Preferably, in the step b, the incidence direction of the laser beam of the laser is perpendicular to the surface of the substrate, and the laser beam scans the surface of the substrate in parallel; the diameter of a light spot of the laser is 15-25 mu m, the pulse energy is 10-30mW, the scanning speed is 22-42mm/s, and the distance between scanning lines is 15.6-26 mu m.
Preferably, in step a and step c, the cleaning is ultrasonic cleaning.
Preferably, in the step a and the step c, the drying treatment is drying in a vacuum drying oven at 80-120 ℃ for 8-12 min.
Preferably, in the step d, the soaking is carried out in fluorosilane solution at 60-80 ℃ for 120-180 min; the drying treatment is drying in a vacuum drying oven at 80-120 deg.C for 50-70 min.
In the scheme, the low surface energy modification of the surface of the substrate can be better and faster completed by soaking the substrate in fluorosilane solution at the temperature of 60-80 ℃.

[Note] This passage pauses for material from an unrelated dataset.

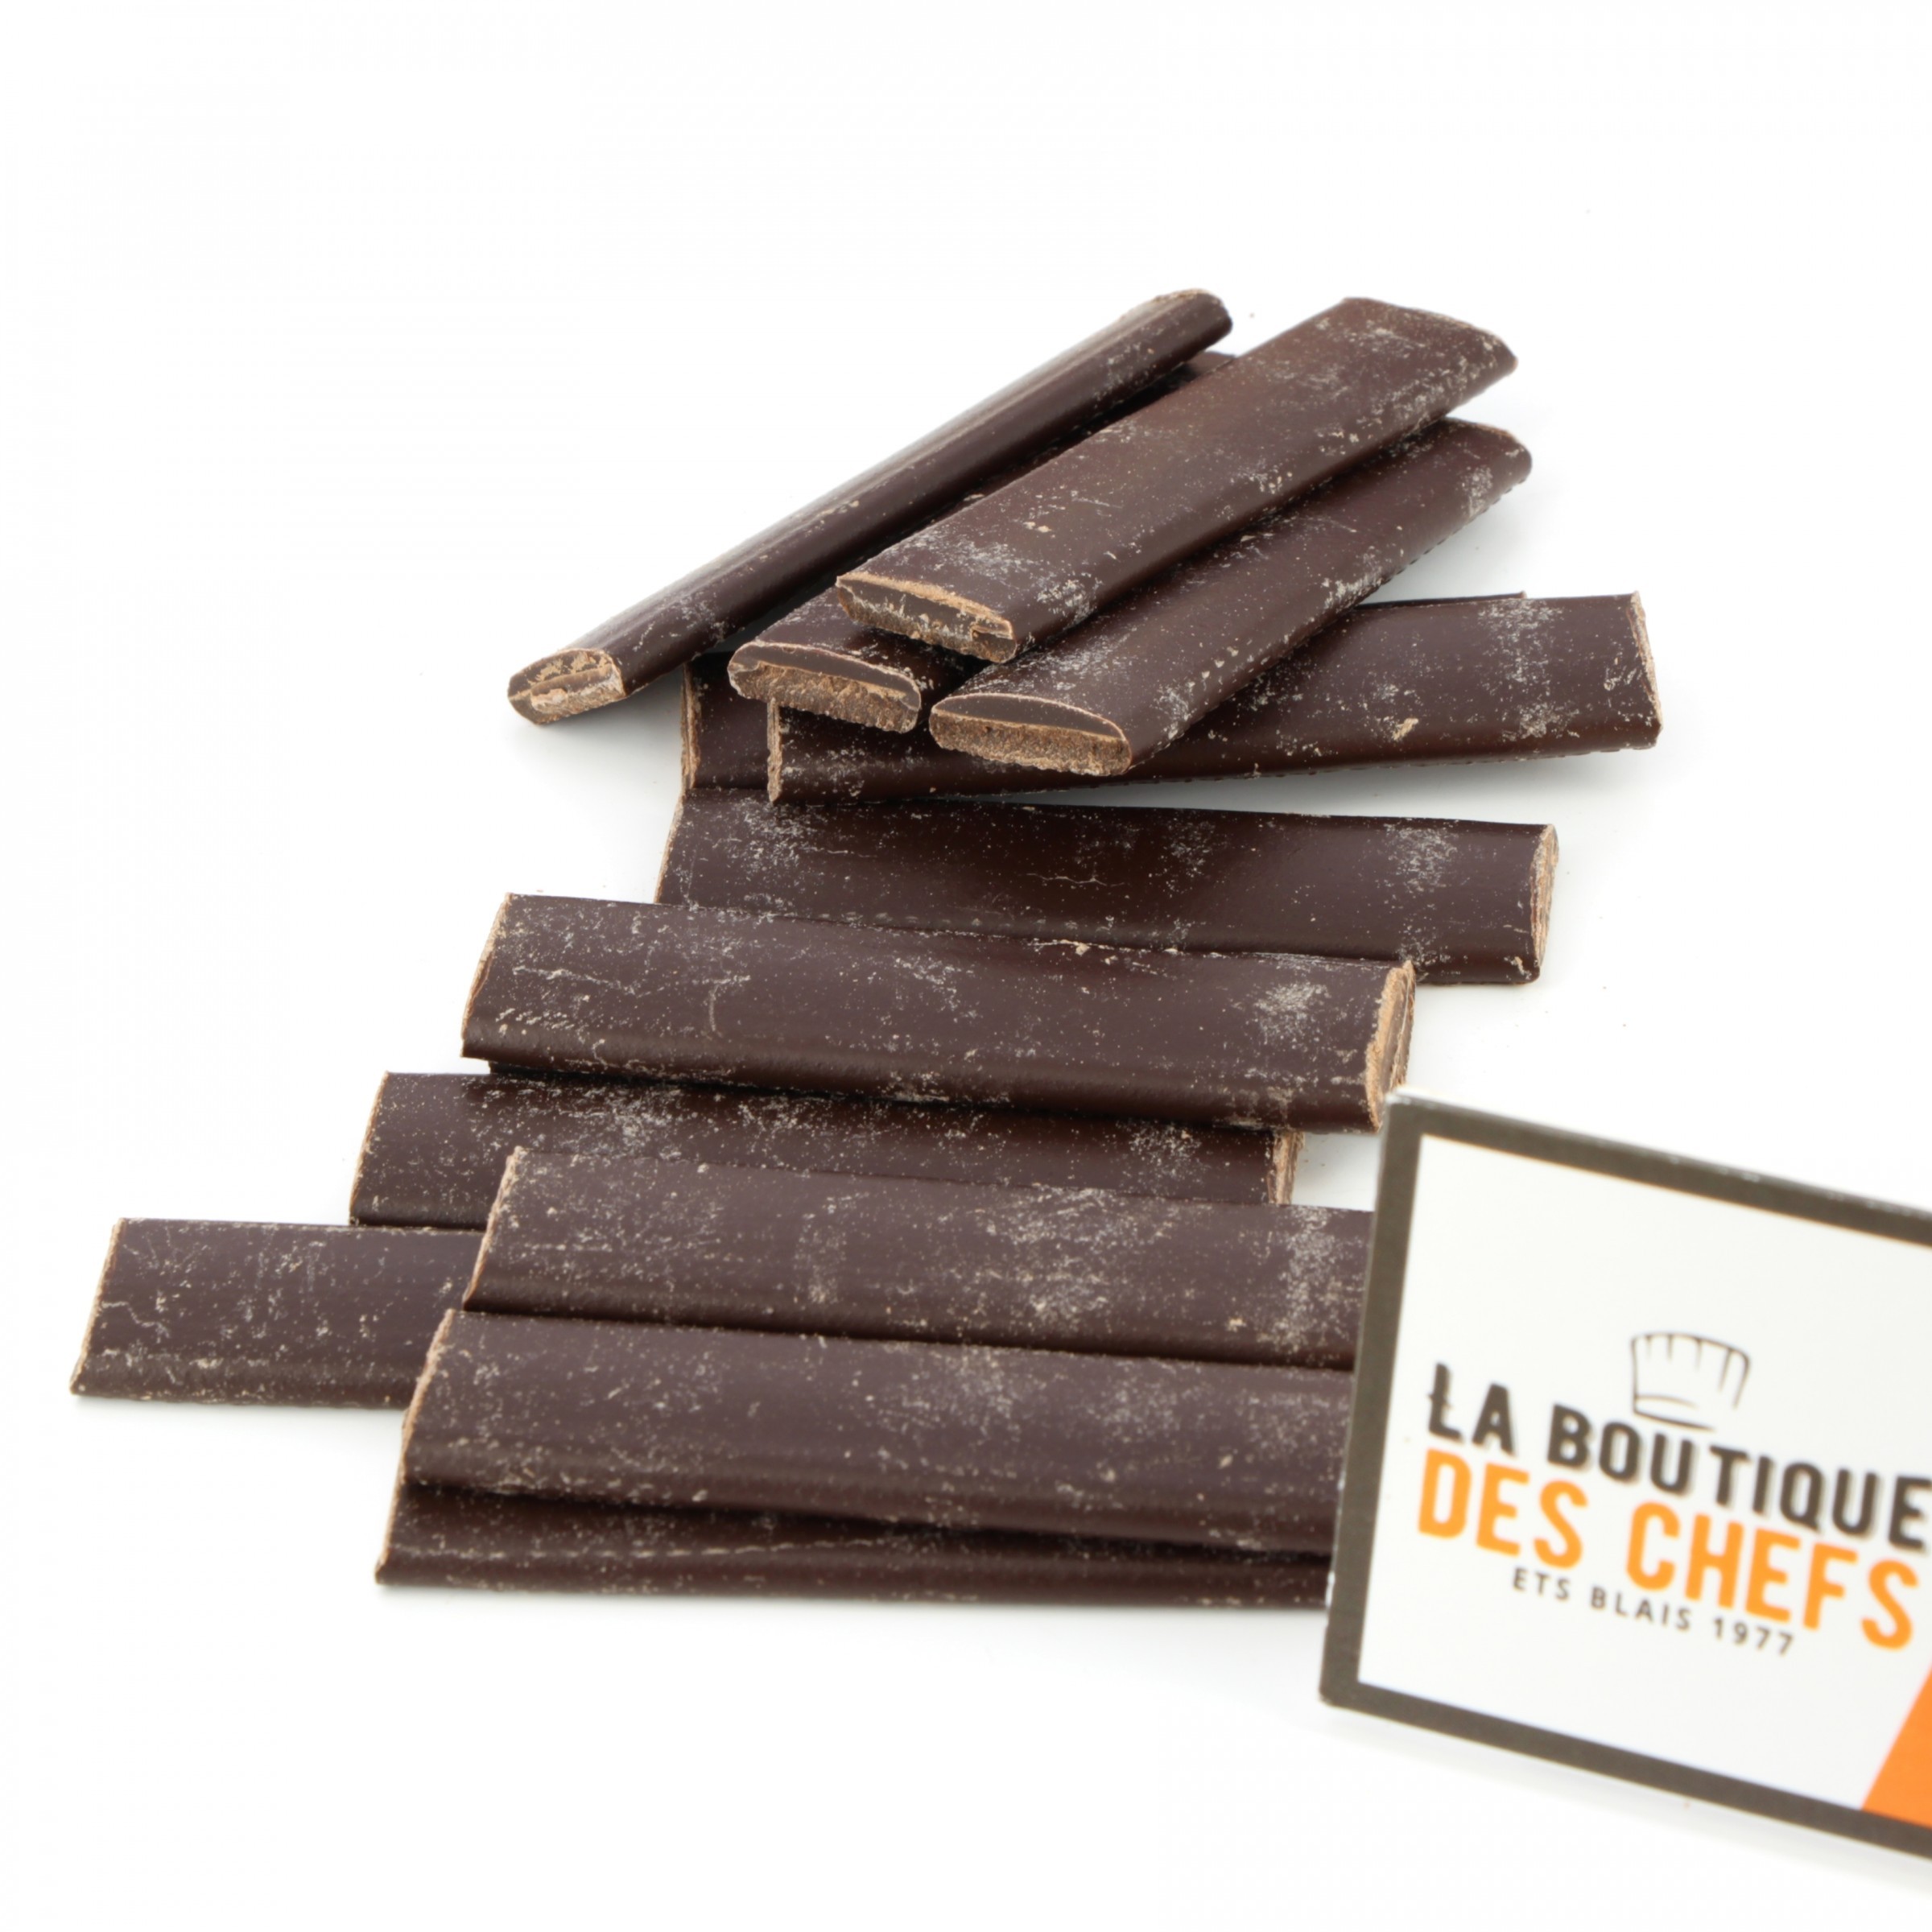 https://www.laboutiquedeschefs.com/media/images/products/w-2400-h-2400-zc-5-larges-ou-maxi-batons-de-chocolat-noir-de-78-cm-par-2-cm-3-1618406439.jpg

According to the substrate with the super-hydrophobic/ultra-low adhesion surface, the surface of the substrate is provided with the micron-sized pits distributed in a polygonal array and the nano-sized flocculent structures distributed randomly, and the surface of the substrate is modified by the low-surface-energy substance solution, so that the surface of the substrate has extremely low surface energy; therefore, when the liquid drop is contacted with the surface of the substrate, the relative contact area of the liquid drop and the substrate is reduced because a large amount of air is filled between the pit array and the flocculent structure, and the liquid drop is in a super-hydrophobic low-adhesion state on the surface of the substrate because of the lower surface energy of the surface of the substrate.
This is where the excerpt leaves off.